Java 11+ (LTS recommended)
Docker (for CouchDB)
Maven 3.6+
curl (for testing)

1. Clone and Start

# Linux/macOS
./start.sh

# Windows
start.bat

2. Manual Setup (Alternative)

# Start CouchDB
docker-compose up -d

# Build application
mvn clean package

# Run application
java -jar target/cacummaro-1.0-SNAPSHOT.jar

3. Verify Installation

# Health check
curl http://localhost:8082/actuator/health

# Expected response:
# {"status":"UP"}

# Access the web interface
# Open browser to http://localhost:8082/

API Usage

Web Interface

Open your browser to http://localhost:8082/:

Ingest Documents: Enter any URL and click "Convert" to create a PDF snapshot
View Graph: Click "Smart Classification" to see the interactive category graph
Download PDFs: Click on any category node, then download PDFs from the sidebar

API Examples

Ingest a Web Page

curl -X POST http://localhost:8082/api/v1/ingest \
  -H "Content-Type: application/json" \
  -d '{
    "url": "https://example.com/article",
    "options": {
      "createObsidianNote": true,
      "noteMetaTag": "data-note"
    }
  }'

Response:

{
  "id": "doc|550e8400-e29b-41d4-a716-446655440000",
  "status": "STORED",
  "pdfUrl": "/api/v1/documents/doc|550e8400-e29b-41d4-a716-446655440000/pdf"
}

Search Documents

curl "http://localhost:8082/api/v1/search?q=machine%20learning&size=5"

Download PDF

curl -o document.pdf \
  "http://localhost:8082/api/v1/documents/doc|550e8400-e29b-41d4-a716-446655440000/pdf"

List Categories

curl "http://localhost:8082/api/v1/categories"

Configuration

Edit src/main/resources/application.yml:

cacummaro:
  couchdb:
    host: localhost
    port: 5984
    database: cacummaro_docs
    username: admin
    password: password

  obsidian:
    vault-path: ./obsidian-vault
    enabled: true

  pdf:
    timeout: 30s
    max-page-size: 10MB

  # Classification System Configuration
  classification:
    confidence-threshold: 0.7

    # Machine Learning TF-IDF Classifier
    ml:
      enabled: true
      confidence-threshold: 0.6
      model-path: ./ml-model.json
      min-document-frequency: 2
      max-features: 1000

    # MCP AI Integration (GPT-4, Claude, Custom LLMs)
    mcp:
      enabled: false  # Set to true to enable AI classification
      server-url: http://localhost:3000/mcp
      timeout-ms: 30000
      tool-name: classify_document

  security:
    allowed-domains: []
    blocked-internal-ips: true

  ingestion:
    max-concurrent: 5
    retry-attempts: 3
    retry-delay: 5s

📁 Project Structure

src/main/java/org/cacummaro/
├── domain/              # Core entities (Document, Category)
├── dto/                 # API contracts (IngestRequest, etc.)
├── repository/          # Data access (CouchDB implementations)
├── service/
│   ├── pdf/            # PDF generation (Playwright)
│   ├── classification/ # Document classification
│   └── obsidian/       # Note generation
├── controller/         # REST endpoints
└── config/             # Spring configuration

Testing

# Unit tests
mvn test

# Integration tests
mvn failsafe:integration-test

# All tests
mvn verify

Security Features

SSRF Protection: Blocks internal/private IP ranges
Input Validation: Comprehensive URL and data validation
Path Traversal Prevention: Secure Obsidian vault operations
Sanitization: Clean filenames and content
Rate Limiting: Configurable request limits

AI-Powered Classification System

Cacummaro features a next-generation hybrid classification system that combines the best of traditional ML, modern AI, and rule-based approaches.

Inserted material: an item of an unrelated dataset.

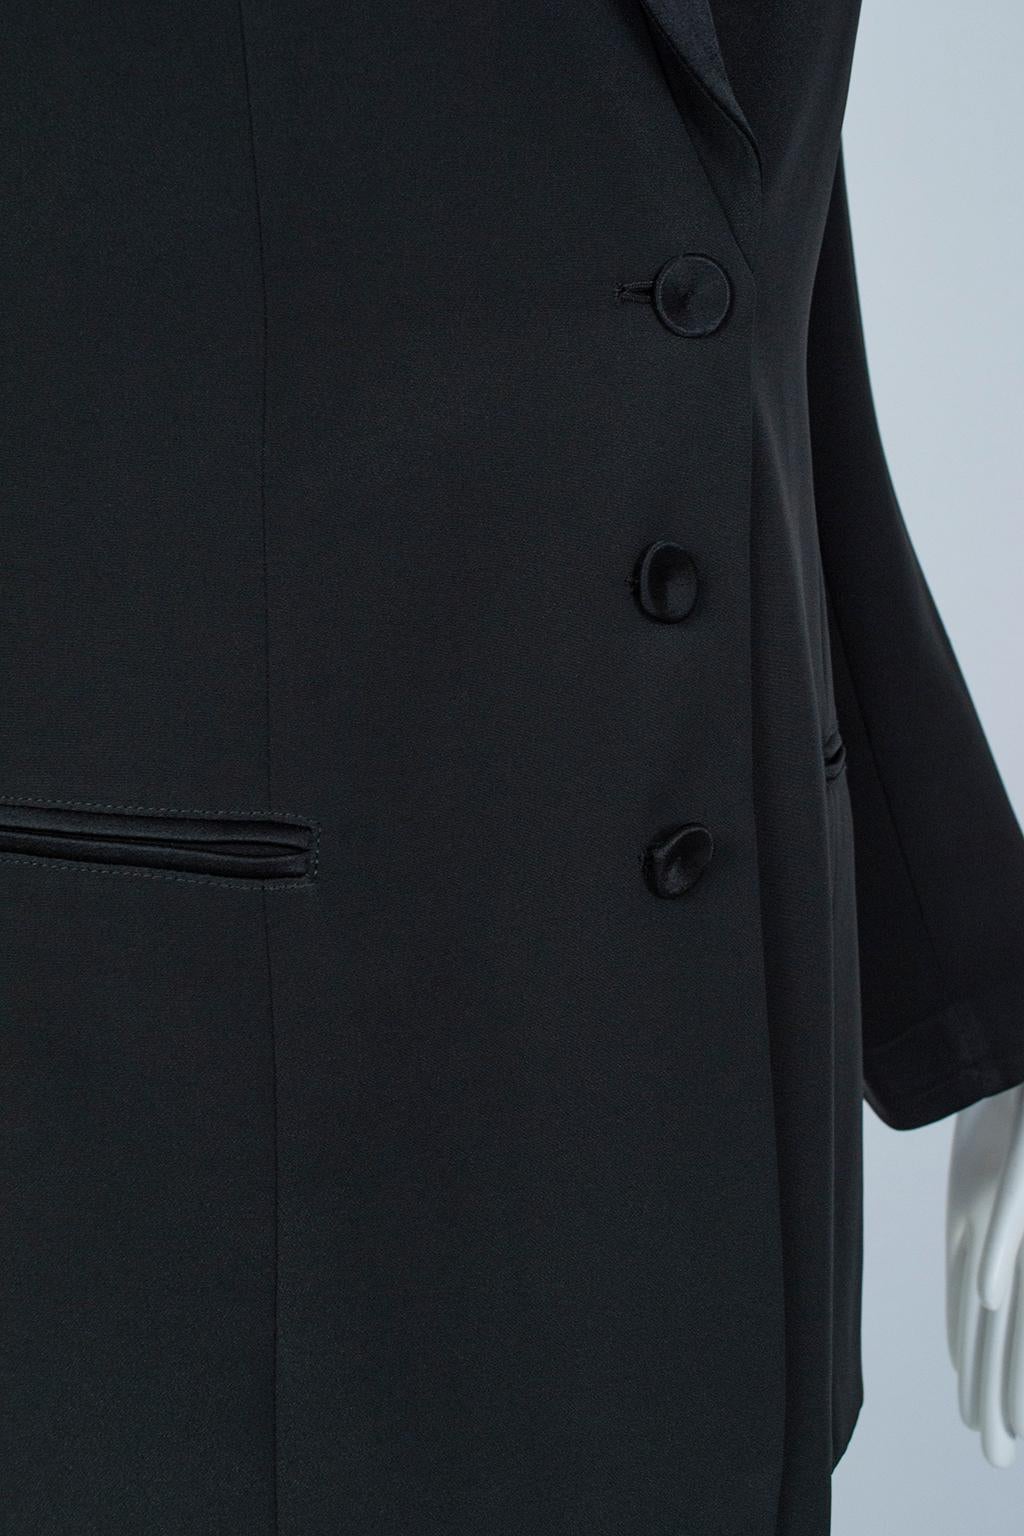 Giorgio Armani Black Silk Faille “Le Smoking” Tuxedo Blazer Jacket - It 42, 2001 For Sale 1

Three-Layer Classification Architecture

1. MCP AI Models (External Intelligence)

The Future of Document Classification

Integrates with cutting-edge AI models via the Model Context Protocol (MCP):

GPT-4 / GPT-4 Turbo: Deep semantic understanding and contextual reasoning
Claude (Anthropic): Nuanced categorization with reasoning explanations
Local LLMs: Ollama, LLaMA, Mistral for privacy-focused deployments
Custom Models: Your fine-tuned domain-specific AI models

Benefits:

Semantic Understanding: Goes beyond keywords to understand context and meaning
Continuous Learning: Leverage latest AI advancements without code changes
Multi-language: Works across languages with advanced AI models
Confidence Scores: AI provides reasoning behind classifications
Plug & Play: Swap AI models by changing MCP server configuration

Configuration:

cacummaro:
  mcp:
    enabled: true
    server-url: http://localhost:3000/mcp  # Your MCP server
    timeout-ms: 30000
    tool-name: classify_document

Example MCP Response:

{
  "categories": [
    {
      "name": "artificial-intelligence",
      "confidence": 0.95,
      "reasoning": "Article discusses neural networks, deep learning, and ML algorithms"
    }
  ],
  "model": "gpt-4"
}

2. ML TF-IDF Classifier (Local Intelligence-->wikipedia source "tf–idf")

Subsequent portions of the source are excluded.